- [DATASET CONTENT]:
------------------------------------

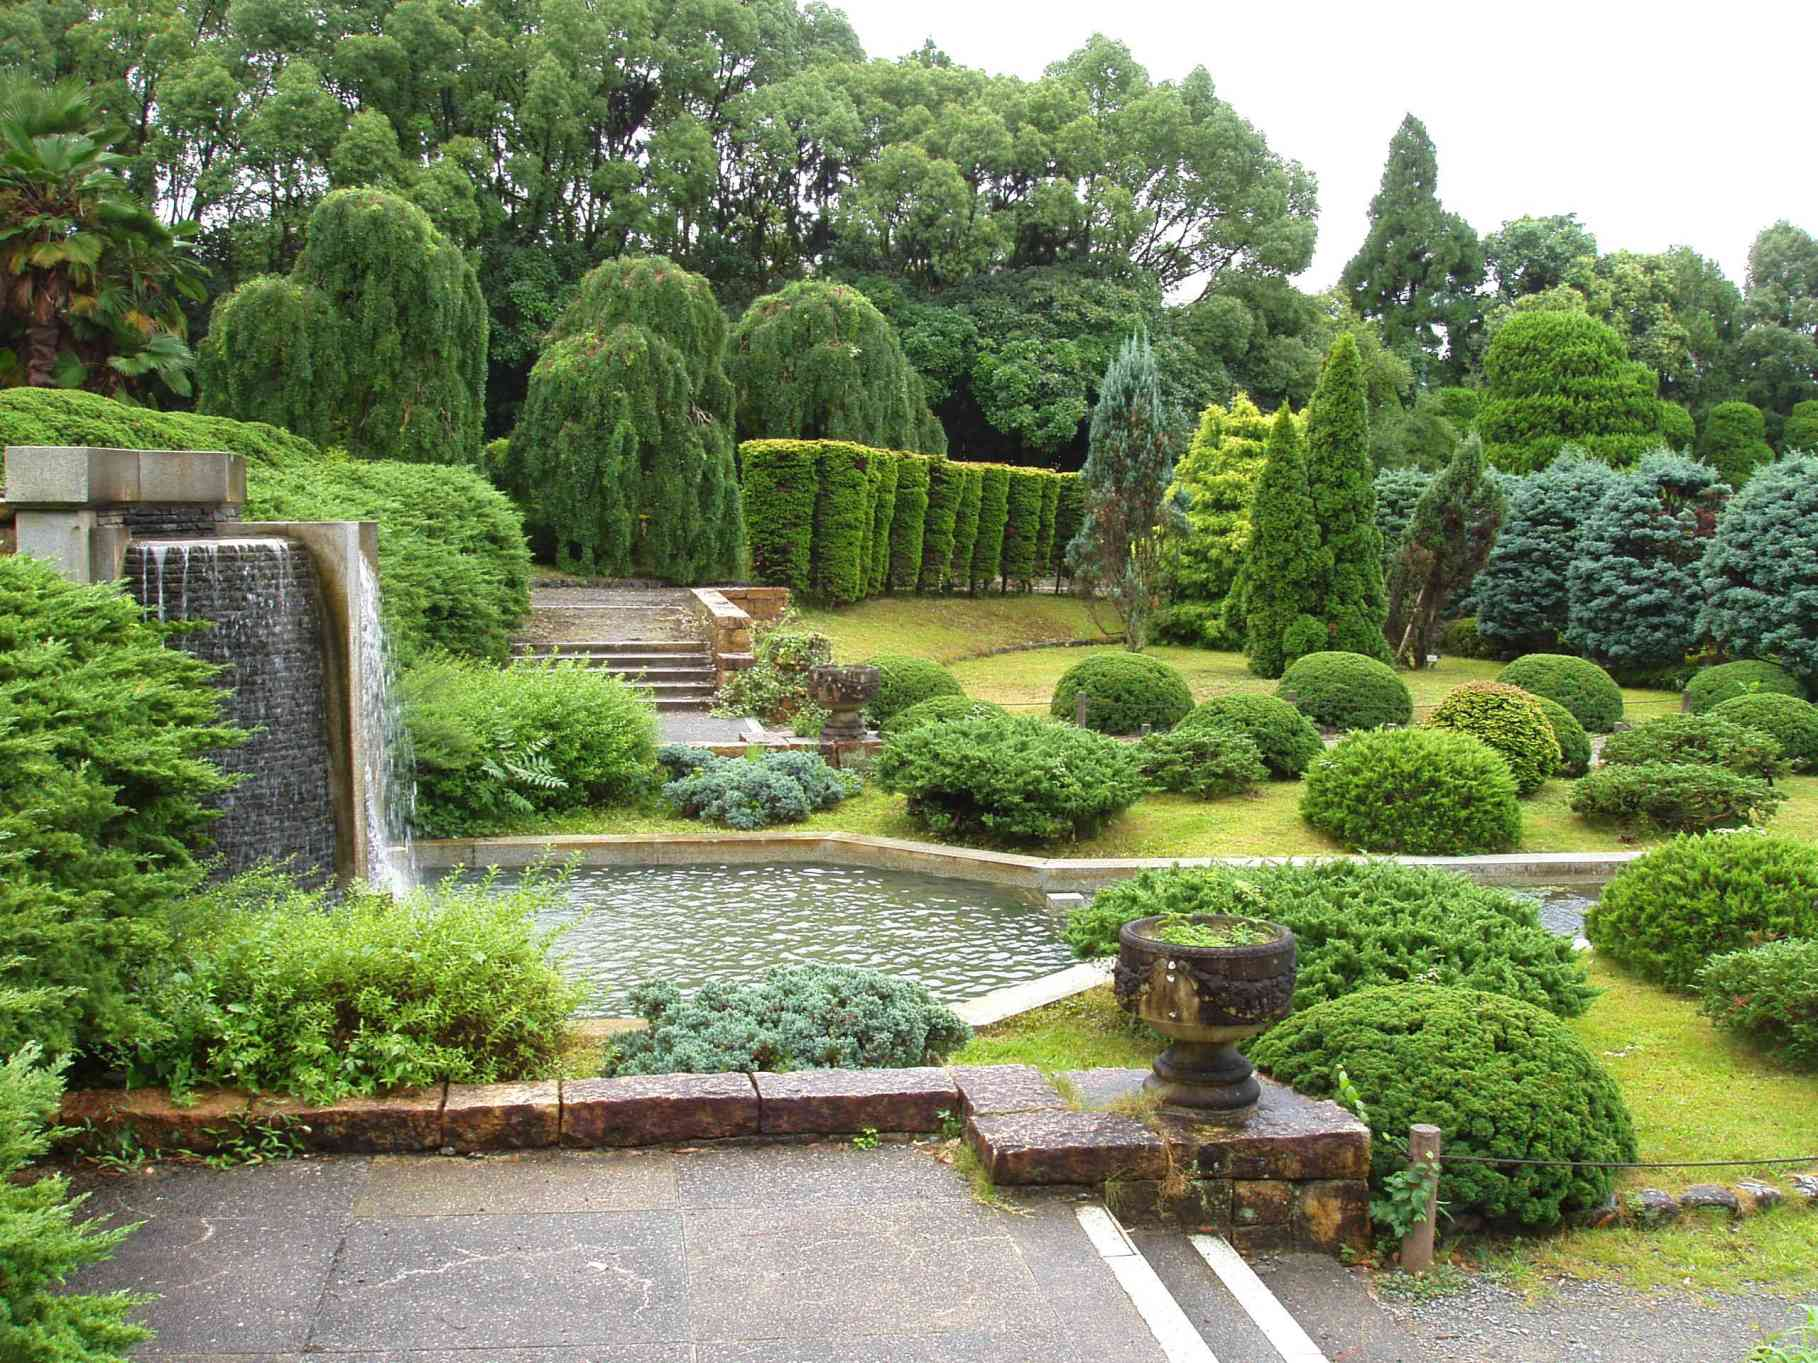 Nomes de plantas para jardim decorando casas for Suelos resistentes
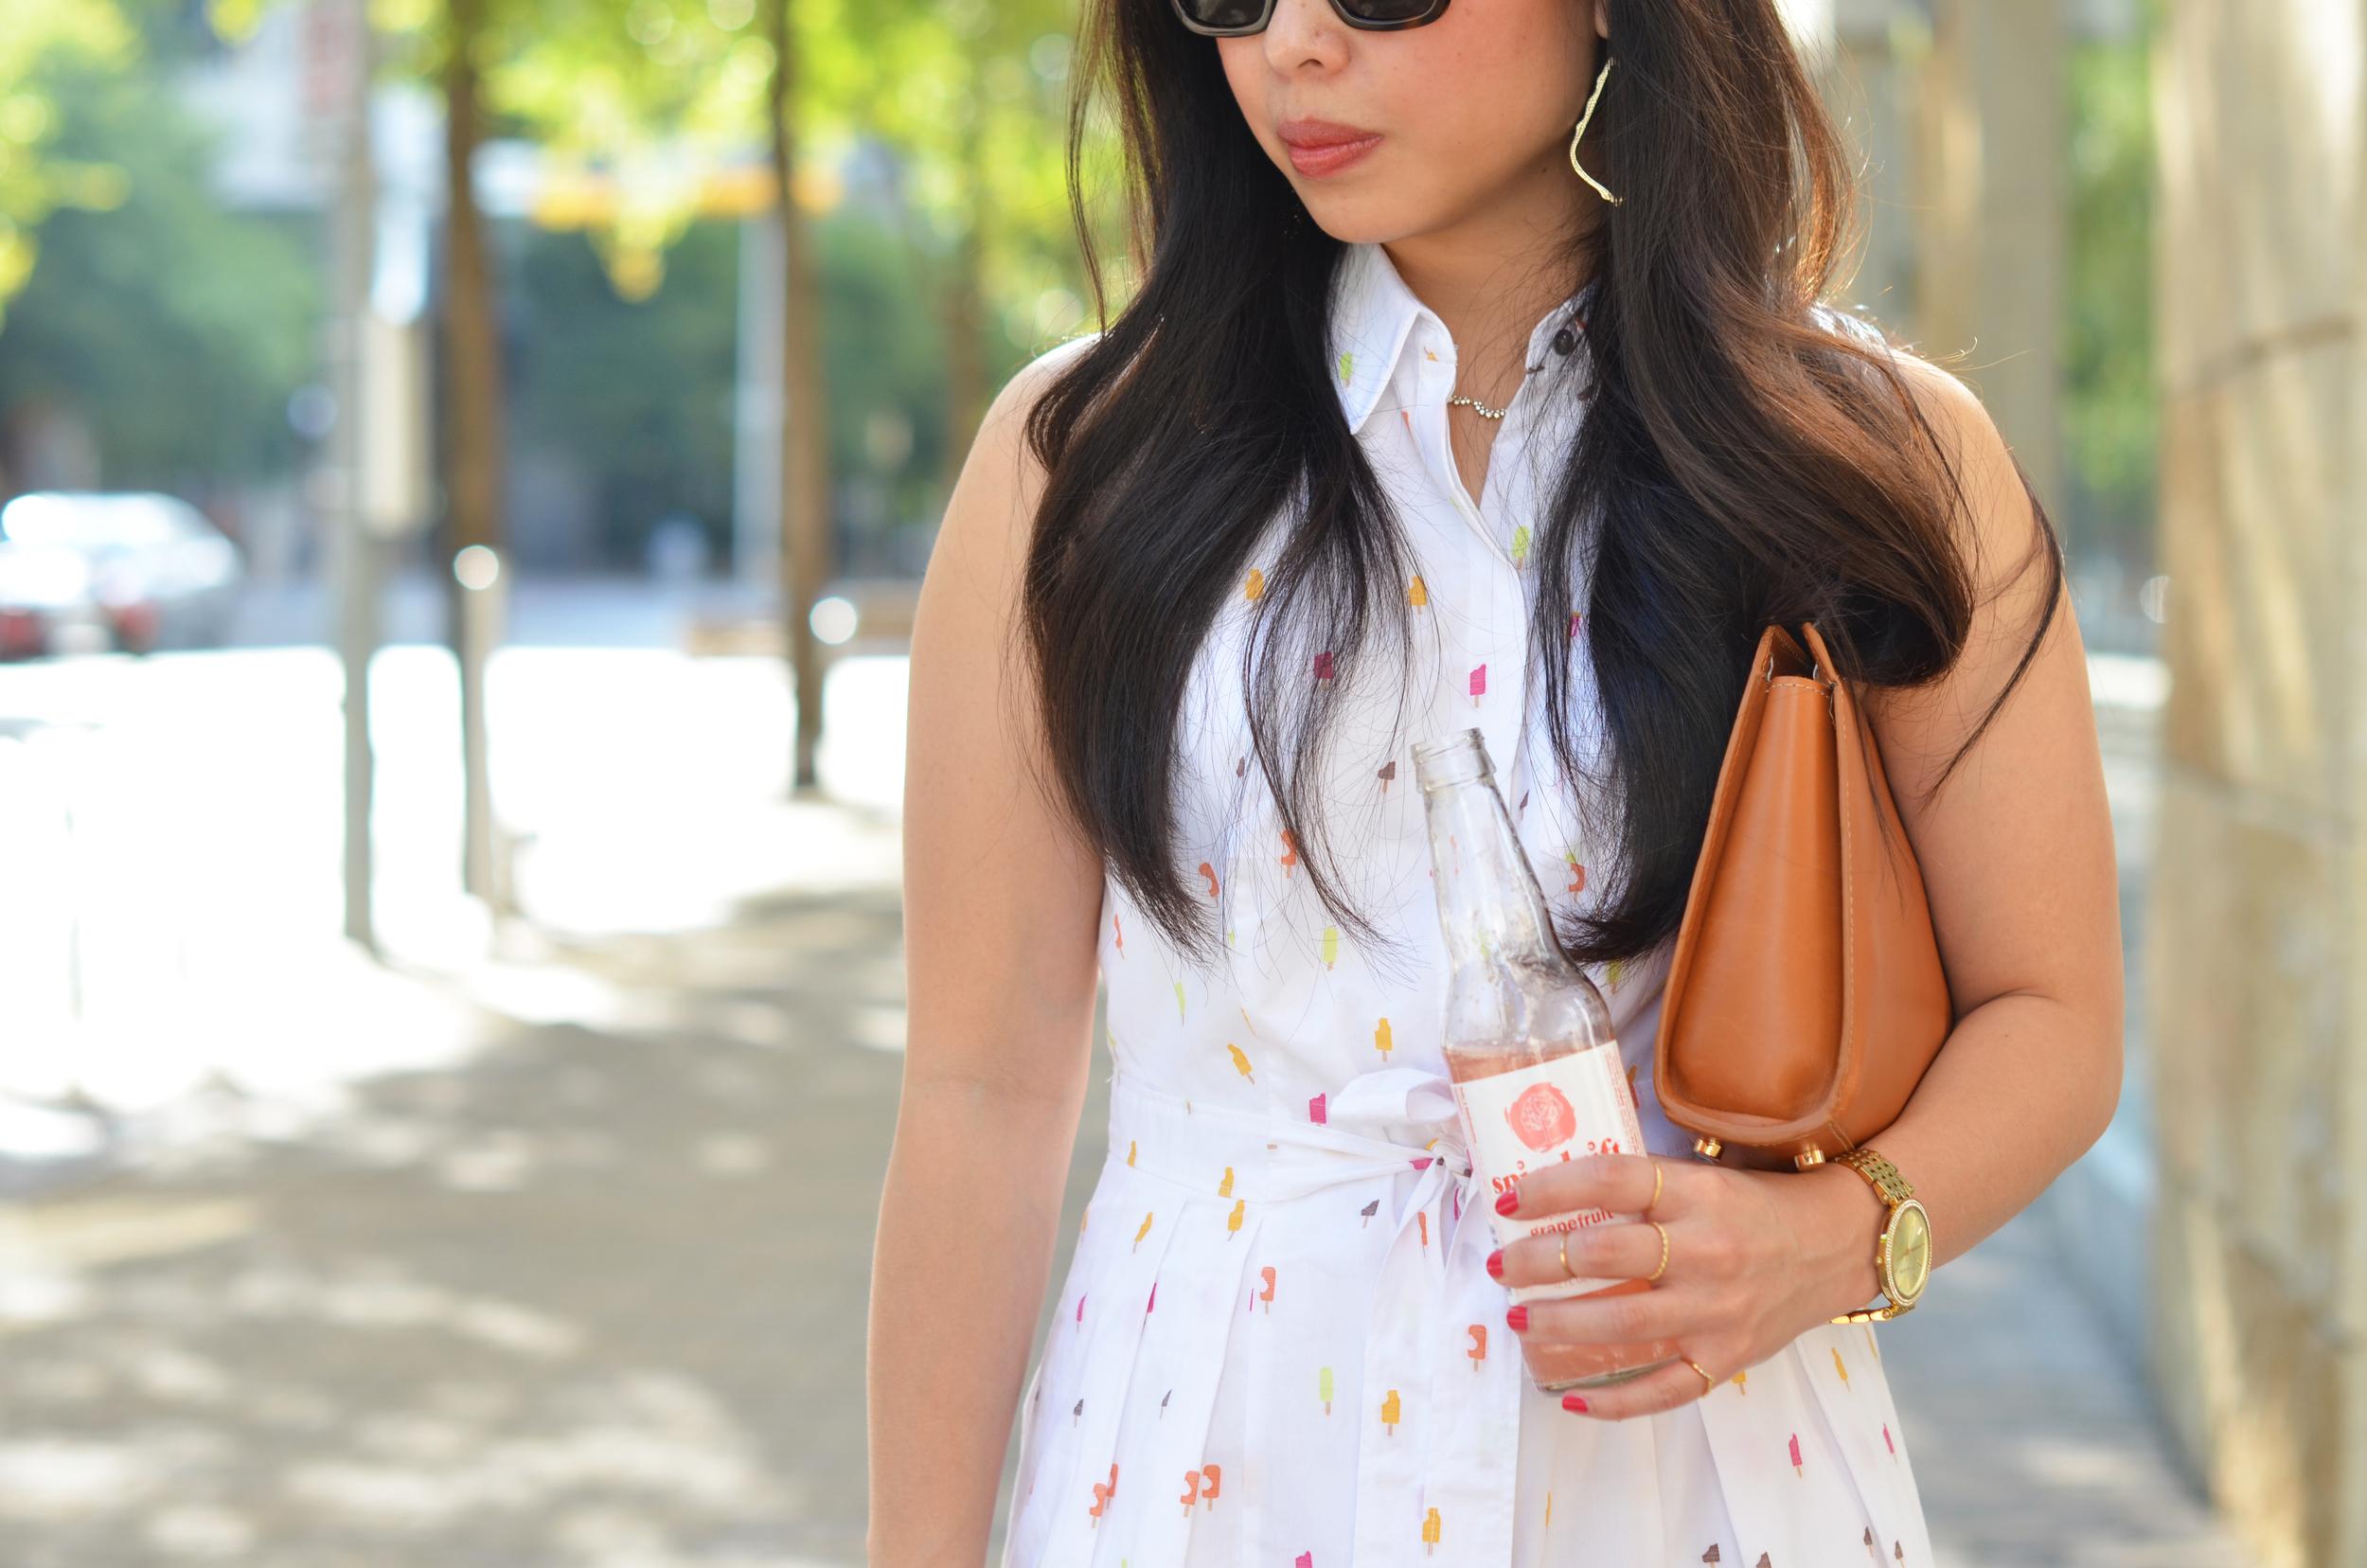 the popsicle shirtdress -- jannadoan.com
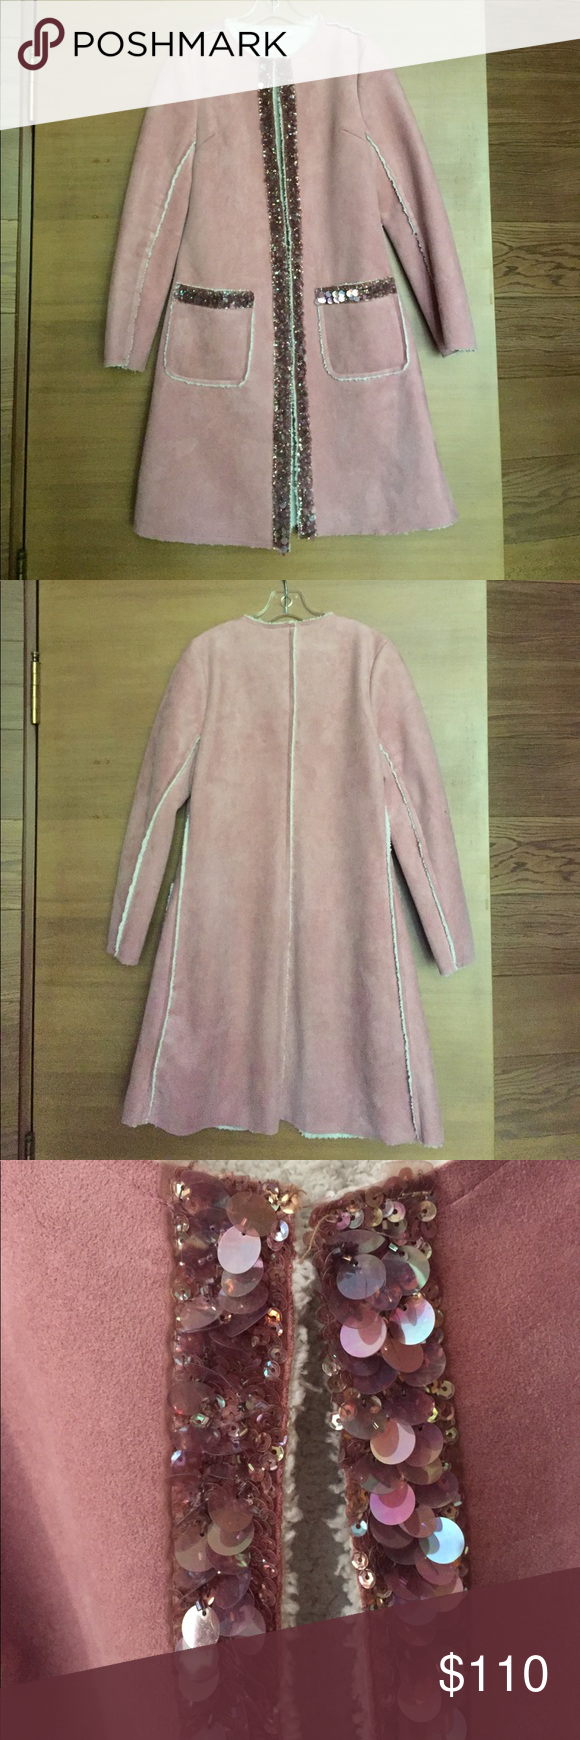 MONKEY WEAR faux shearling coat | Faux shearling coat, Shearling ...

------------------------------------

- [WORK INSTRUCTION]: The whole listing is to be duplicated verbatim, apart from its images.

- [RESULT FOR THIS EXERCISE]:
 Nomes de plantas para jardim decorando casas for Suelos resistentes
 the popsicle shirtdress -- jannadoan.com
 MONKEY WEAR faux shearling coat | Faux shearling coat, Shearling ...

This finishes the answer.